Было без пяти восемь. Без всякой связи с предыдущим, как часто бывало в последнее время, Дамарис подумала: «О, я должна ее получить!» Степень доктора философии — сколько же ей пришлось потрудиться для обретения вожделенной степени! Фу! Какая вонь!
Запах, внезапно накативший ужасной волной, почти ощутимо толкнул ее и едва не поверг в обморок. Мелькнула мысль, что это, наверное, как-то связано с новыми домами: может быть, использовали какой-то гнилой материал. Надо что-то сделать: привлечь городской совет. Возможно, внизу будет не так отвратительно. Окна столовой выходили на другую сторону. Надо спуститься и посмотреть.
Но стоило ей сделать первый шаг, как свет в комнате померк. Мрак в мгновение ока поглотил комнату. Перемена случилась внезапно; Дамарис, все еще морща нос от отвратительного запаха, обернулась посмотреть, что за темное облако закрыло небо. Вот тут обморок и надвинулся на нее вплотную.
За окном было… что-то. Через открытое окно в комнату просунулся ужасный клюв. На подоконнике угнездилось самое отвратительное существо, которое Дамарис только могла вообразить. У него было два огромных крыла и жуткие красные глаза. И запах. Дамарис смотрела на страшилище с открытым ртом и в отчаянии думала: «Мне это снится». Однако мерзкое видение не исчезало. Оно таращилось на Дамарис, подрагивая крыльями и целясь в нее клювом, будто намеревалось клюнуть. Потом клюв распахнулся, обнажив громадные зубы.

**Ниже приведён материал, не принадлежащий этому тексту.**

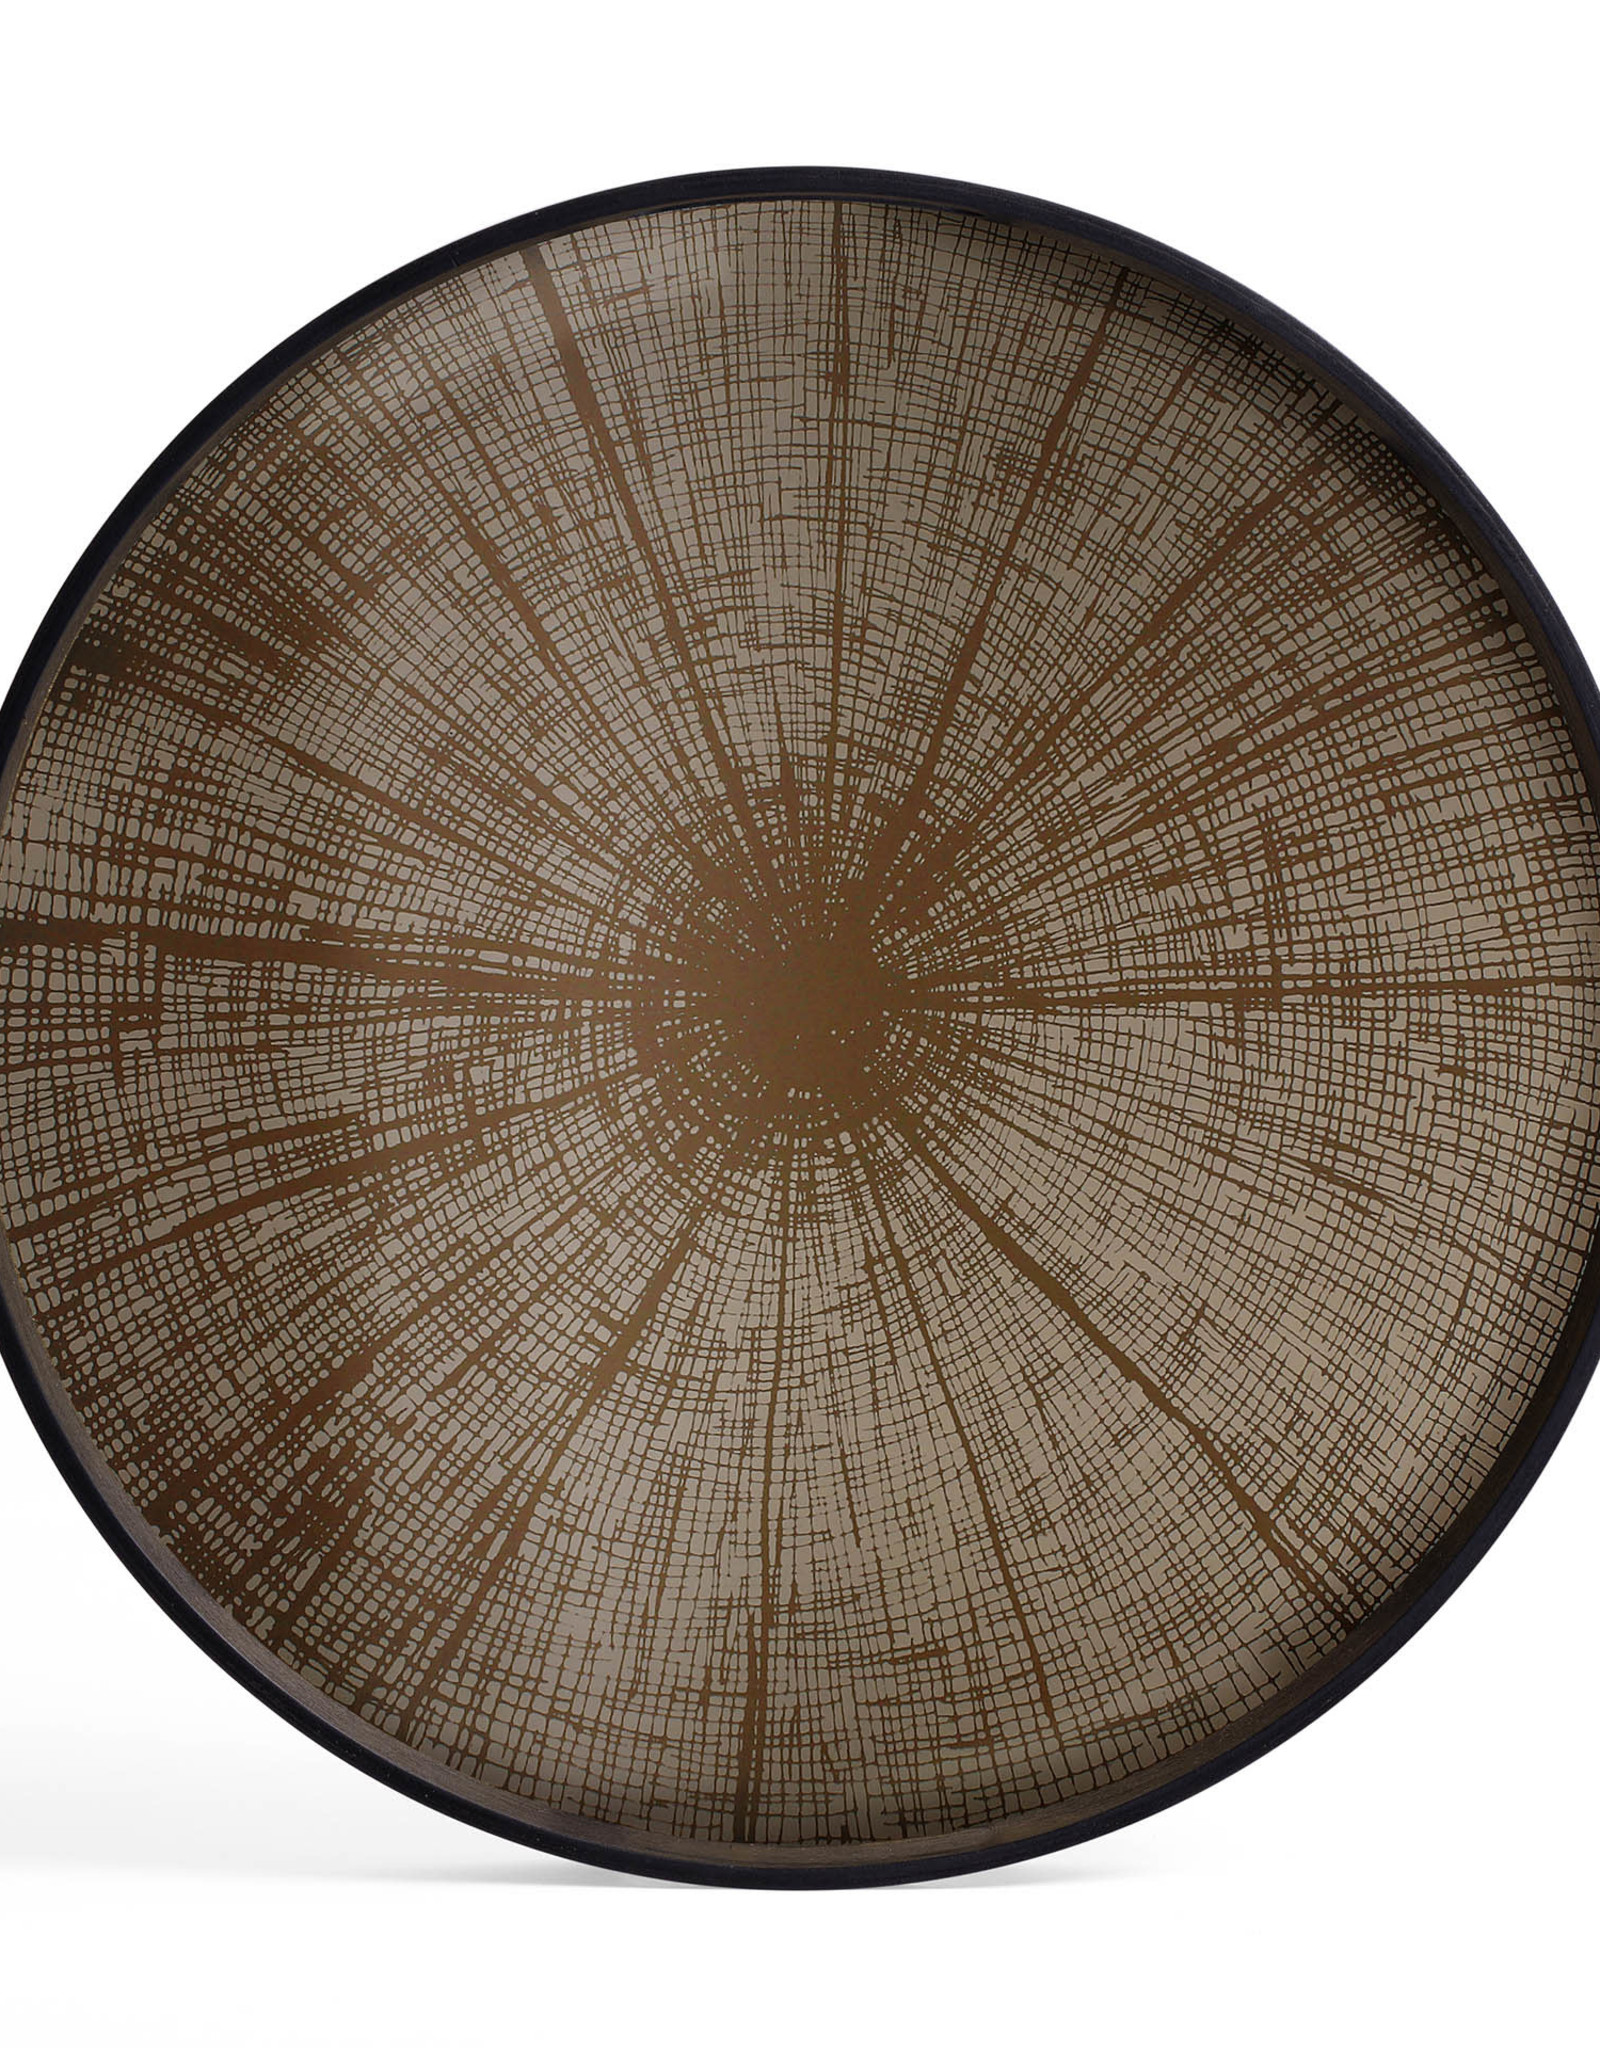 Bronze Slice mirror tray - not aged - round - L 24 x 24 x 2
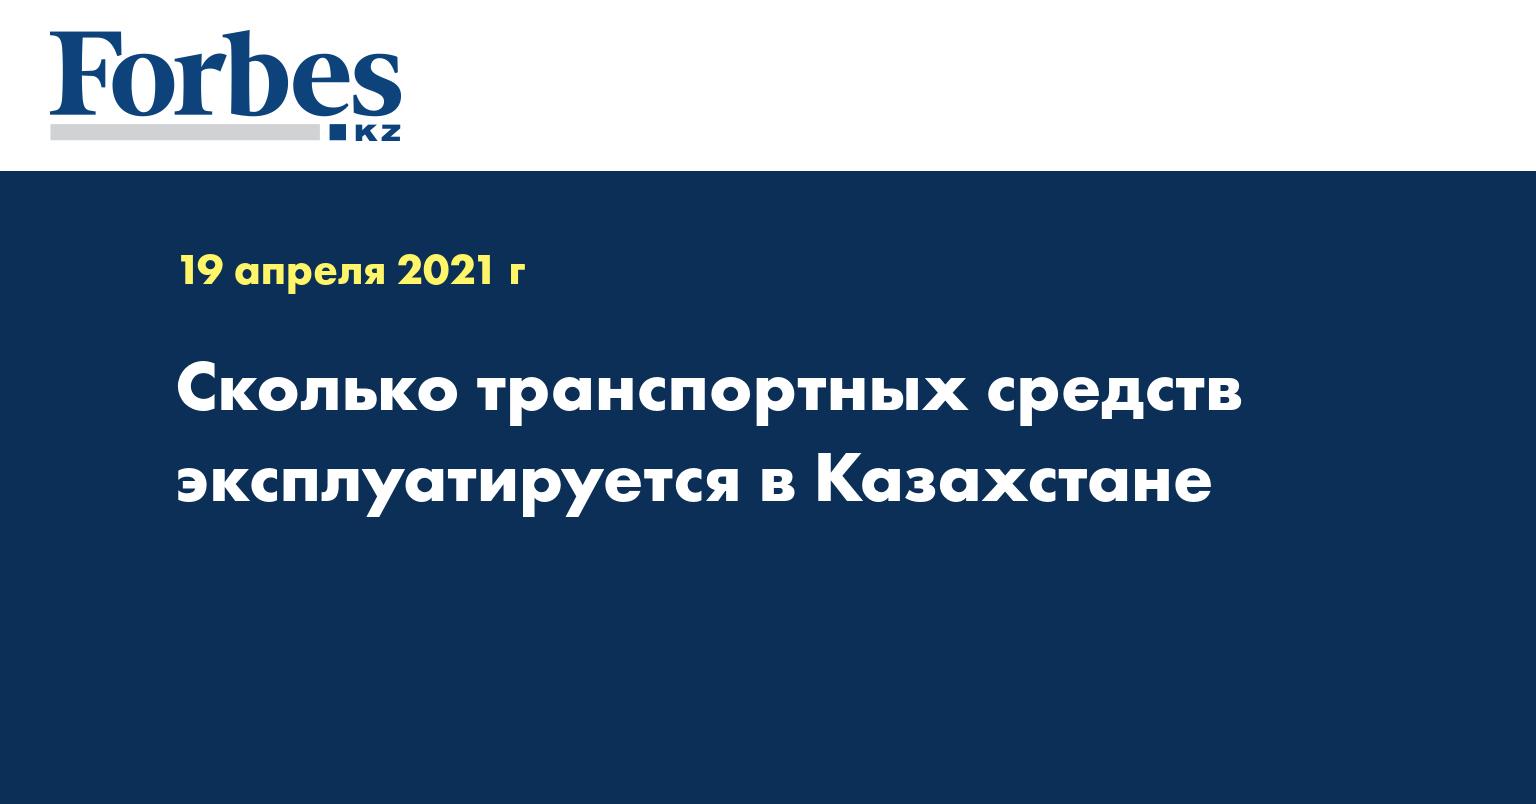 Сколько транспортных средств эксплуатируется в Казахстане

Дамарис попятилась, уперлась спиной в стол и замерла. Что-то в ней говорило: «Этого не может быть», а что-то другое возражало: «Так вот же оно». Наверно, она перетрудилась. Это было… это было как круги перед глазами. Оно… о боже, оно двигалось. Оно приближалось… оно… нет, оно влезало в дом! Она не могла понять, как это может быть: окно то ли разбилось, то ли растаяло, то ли еще что, но оно явно стало ближе. Клюв теперь был не более чем в ярде от нее, гигантские кожистые крылья раскрылись уже в комнате. В окутавшей ее вонючей тьме она не могла разобрать, где комната, а где этот кошмар, и отчаянно рванулась назад, кое-как перебравшись через стол. Бумаги разлетелись по полу, книги, ручка — все разлетелось в стороны, когда Дамарис Тиге, впервые за все эти годы не вспомнив о своей работе, вскарабкалась на стол и как-то переползла через него. Чудовище стояло на месте и внимательно наблюдало за ней, только крылья неторопливо раскрывались и складывались. Дамарис как могла скорчилась, бочком пробираясь к двери, нащупывая ручку, отчаянно взывая к Энтони, к отцу, к Абеляру, к Пифагору и опять к Энтони. Если бы только Энтони был здесь! Наконец она ухватилась за ручку; конечно, этот клюв, эти глаза, эта вонь — эта тошнотворная и всепроникающая вонь! — были сном. Она спала, сейчас она окажется за дверью и там проснется. Вот сейчас! Красные глаза алчно взирали на нее. Она вылетела за дверь и с грохотом захлопнула ее за собой.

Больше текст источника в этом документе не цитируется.